Tuesday, January 19, 2016

Cumulative Line Composition

This blog is intended to demonstrate how an entire composition (i.e., melody, harmony, bass motion, etc...) can be derived from a singular line containing these key elements to then develop further.

Years ago, I attended a brilliant concert by the great Ravi Shankar and at that time I had been studying Carnatic Indian Ragas, Talas and Konnakol. (https://en.wikipedia.org/wiki/Konnakol)

At this performance he and his group performed one particular composition based on a 50 beat-cycle which I found intriguing... after the concert I decided to write a composition based on a 25 beat-cycle, which is now the example I will be using to demonstrate this musical approach.

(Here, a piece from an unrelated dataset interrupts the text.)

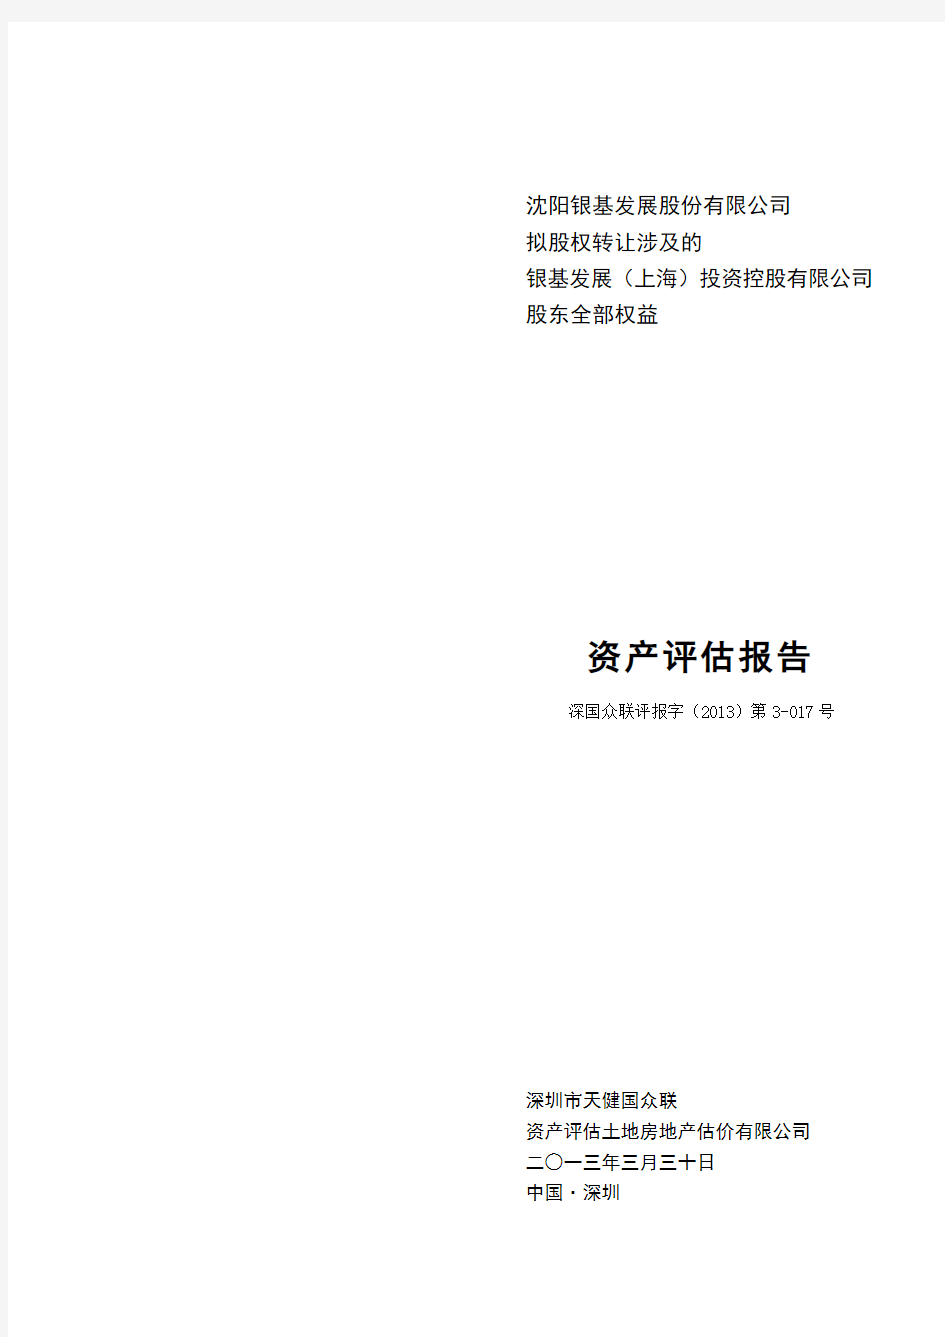 (上海)投资控股有限公司股东全部权益资产评估报告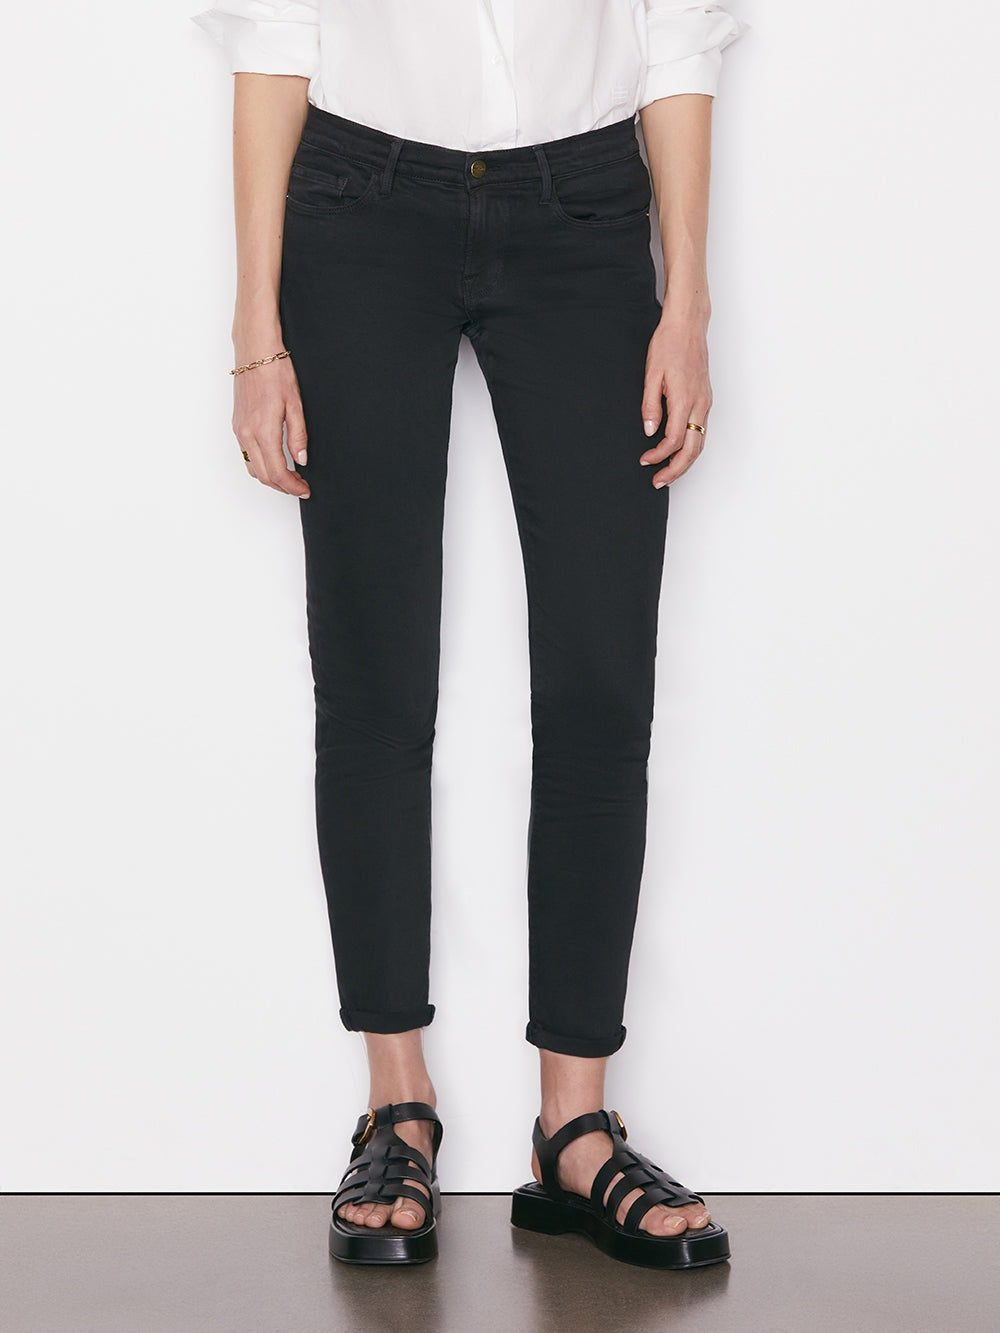 Le Garcon jeans, black

The above comments were merely intended to describe my creative inspiration for this piece of music and nothing more... I will now layout the actual blog topic at hand.

This piece was once again based on a 25 beat-cycle which I subdivided into a 5 bar progression to include a single bar of each 3/8, 4/8, 5/8, 6/8 & 7/8 time signatures in succession, thus equalling 25
beats all combined.

I then decided on using the key of D major and it's respective modes for the overall note content.
My first priority was that I wanted to have an ascending bass line working against an descending melody line all within the figure in order to create an interesting blend of movement and tension.

Please note in the notation example below that the first and key downbeats of every bar represent the bass motion that in essence simply moves right up the scale starting from E Dorian to F#, G and so on... ending on B in order to create a Cycle V resolution back to the beginning therefore ensuring the ability to repeat itself as long as desired.
The melody line is then starting on an C# moving in a downward motion more or less from that point on as a counter to the bass.

This cumulative line was entirely conceived and written in theory, while of all things riding the train!

It worked out beautifully without one edit being required, which just goes to show once again how musical creation can be achieved thru the use of theory, anywhere and anytime... a truly divine and wonderful thing to be sure!

I have also attached a link to a brief orchestrated audio example that takes the original above and continually deconstructs and develops the line even further. All the individual instrument figures are solely taken from this initial figure!


Please note that this is a quick audio example using basic sounds in Sibelius, therefore its quality is certainly less than desired... However, it suffices just fine in order to demonstrate this topic, so please refrain from any comments regarding the mock-up quality, etc... for that is not the purpose of this blog example at all.